### Collected data
□ □ □ □ □

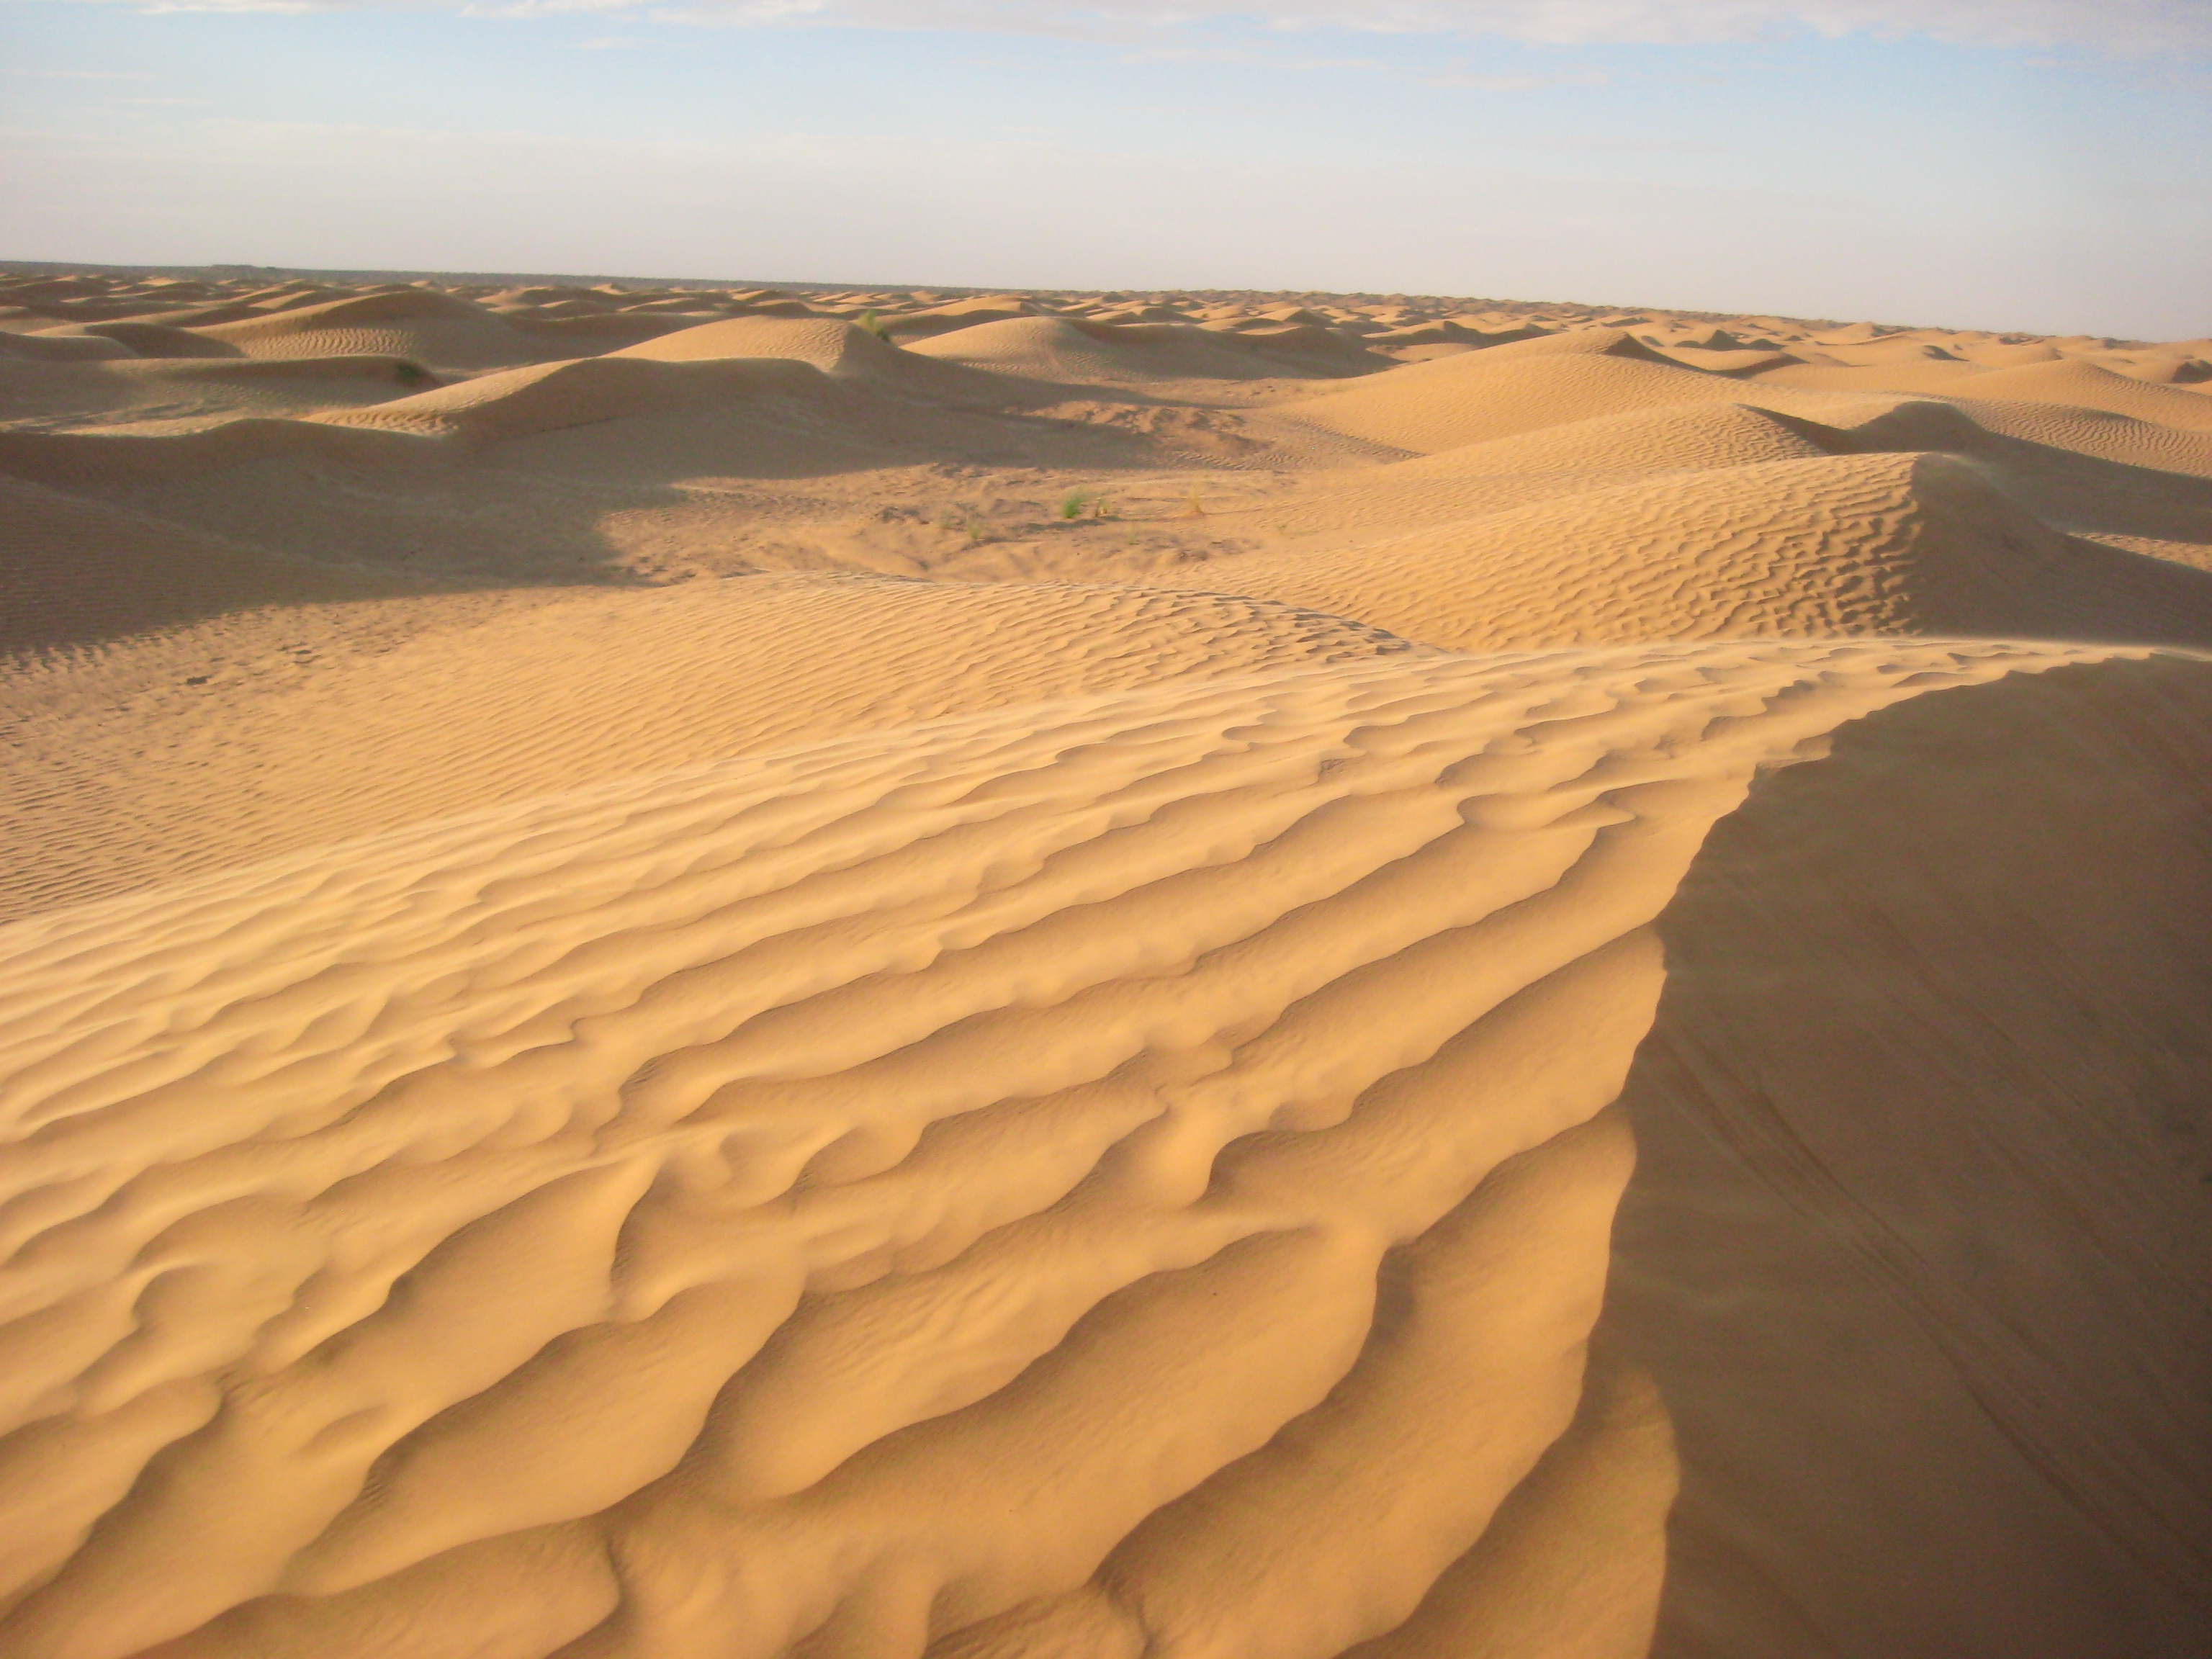 Les dunes de sable du Sahara à perte de vue
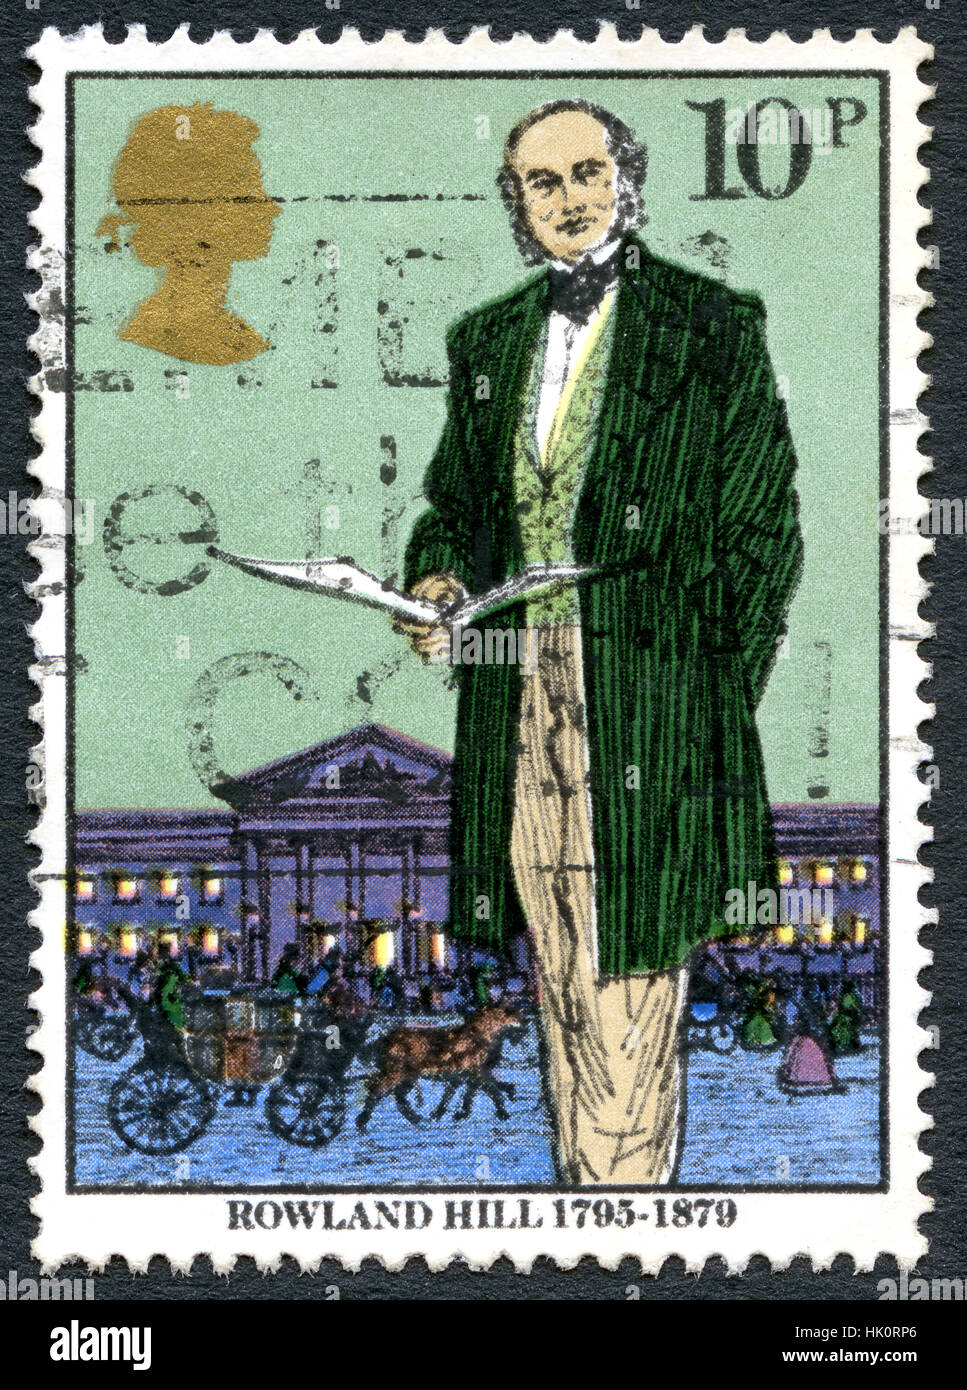 Großbritannien - ca. 1979: Eine gebrauchte Briefmarke aus dem Vereinigten Königreich, Darstellung zur Veranschaulichung der Erfinder und Sozialreformer Rowland Hill, ca. 1979. Stockfoto
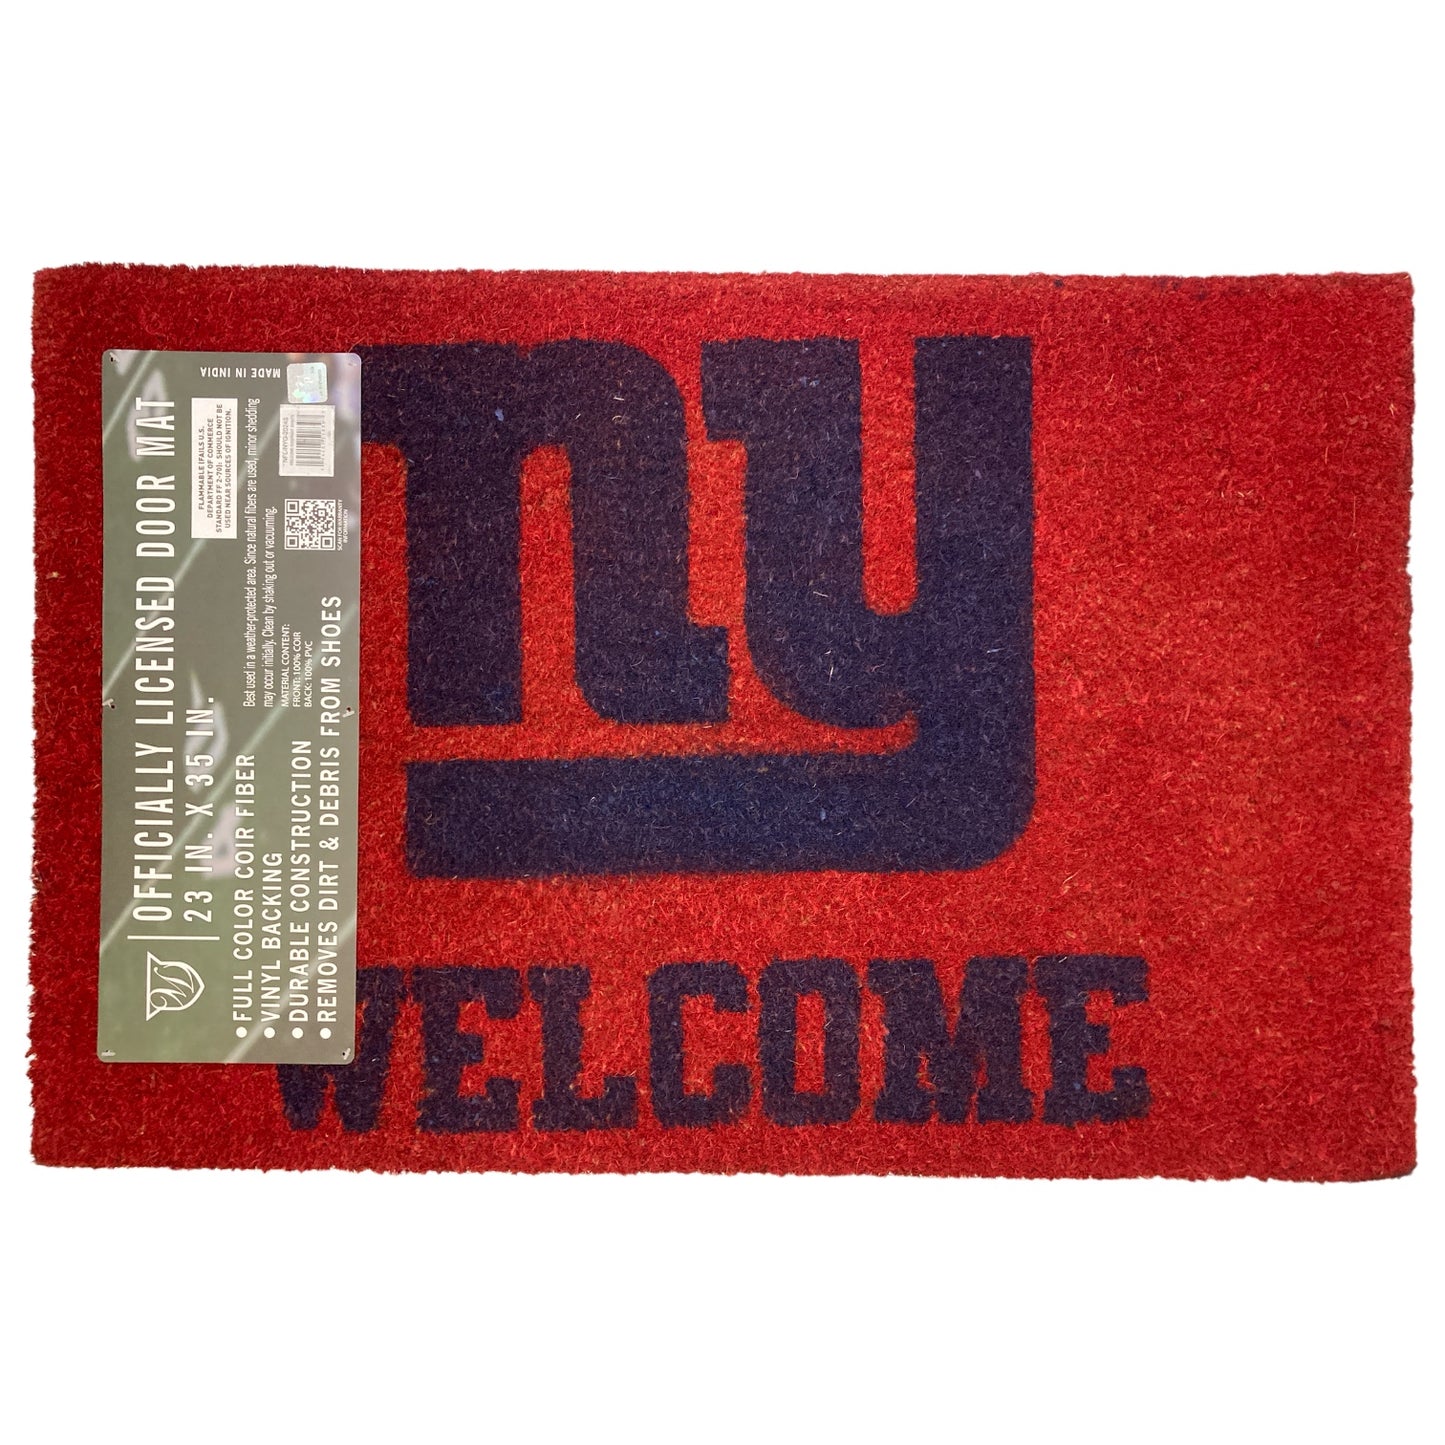 Officially Licensed NFL Coir Fiber Welcome Door Mat, New York Giants 23"x35"

□ □ □ □ □

### Task goal
Reproduce precisely the lines of the listing above, from the line containing "Großbritannien - ca." to the last line, both ends included. Pictures are to be omitted.

### Output for this exercise
 Großbritannien - ca. 1979: Eine gebrauchte Briefmarke aus dem Vereinigten Königreich, Darstellung zur Veranschaulichung der Erfinder und Sozialreformer Rowland Hill, ca. 1979. Stockfoto
 Officially Licensed NFL Coir Fiber Welcome Door Mat, New York Giants 23"x35"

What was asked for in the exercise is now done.